Chelsea Wolfe - Pain is Beauty
Chelsea Wolfe’s 2011 album Apokalypsis never really gripped me, I could never sink my teeth into it a fully enjoy myself. However, from the beginning of Pain is Beauty my taste buds tingle and I think this is due to this album having more of an electronic feel to it compared to her other work.
From the opener “Feral Love” you really get a sense of prevailing darkness that stays, that looms over the rest of the album. It clouds over the instrumentation and makes them thicker and interesting, it makes you stay out of intrigue, even out of horror. I’m really glad that this album can engage me, I feel, is anything, that that is a good sign.
Pain is Beauty revolves around this atmospheric gloom and builds itself over the course of the twelve tracks, yet it does feel a little long winded. Once you get the feel for the album, you become accustomed to it and you learn to like it, to love it. Yet it can slightly over stay itself, if only it was concentrated a little rather than running to fifty-five minuets, it may be a little more accessible, but does it really need to be easy to listen to?
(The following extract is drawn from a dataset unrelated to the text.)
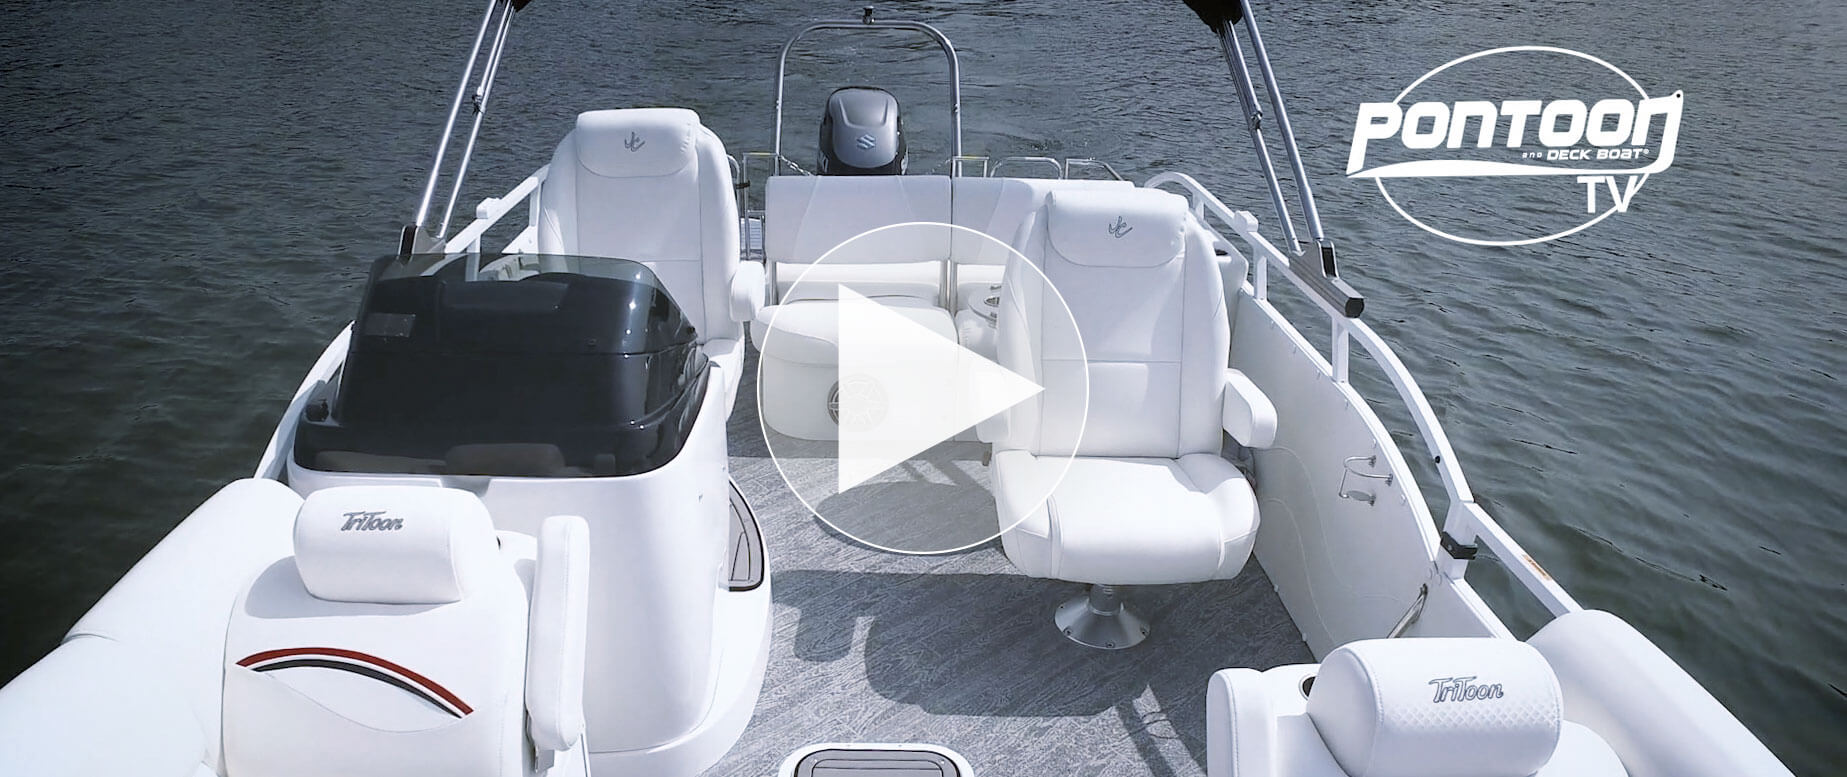 Pontoon & Deck Boat Magazine 2021 Shootout Video featuring the SportToon 26TT HTH Swing Back

It’s beauty is wrapped around a cold layer of black silk that you peel back ever so carefully. You let it consume you in tracks like “The Warden” and you ride along for a ’60?s reverb wash on “Destruction Makes the World Burn Brighter”.
“Sick” reinforces the albums moodiness through consistency, resting on maybe softcore Witch House. “Ancestors, the Ancients” and “They’ll Clap When Your Gone”, especially the latter, slow the proceedings down, they soften the albums tone in time for “The Waves Have Come”.
“The Waves Have Come” is probably the least electronic song on the album, but it is my favourite. The piano and Chelsea’s voice are so beautiful together, it’s dark not because it’s heavy, but because it’s so provokes a sense of awe. It’s long, it’s a journey, it’s grand and it just builds into a melodic epicness. It’s a satisfying and meaty song that really took me aback when I first heard it. But seriously, the track is amazing.
“Lone” follows, it’s s gentle come down after “The Waves Have Come” and it does a fine job of closing the album, an epilogue of sorts.
Overall, Pain is Beauty really is beautiful, it’s consistent even if a little too long. Chelsea’s vocals are strong throughout and the album all together is a really good set up for something even better in the future. I hope that this album can be built upon, and if built right, then that album will be her defining work.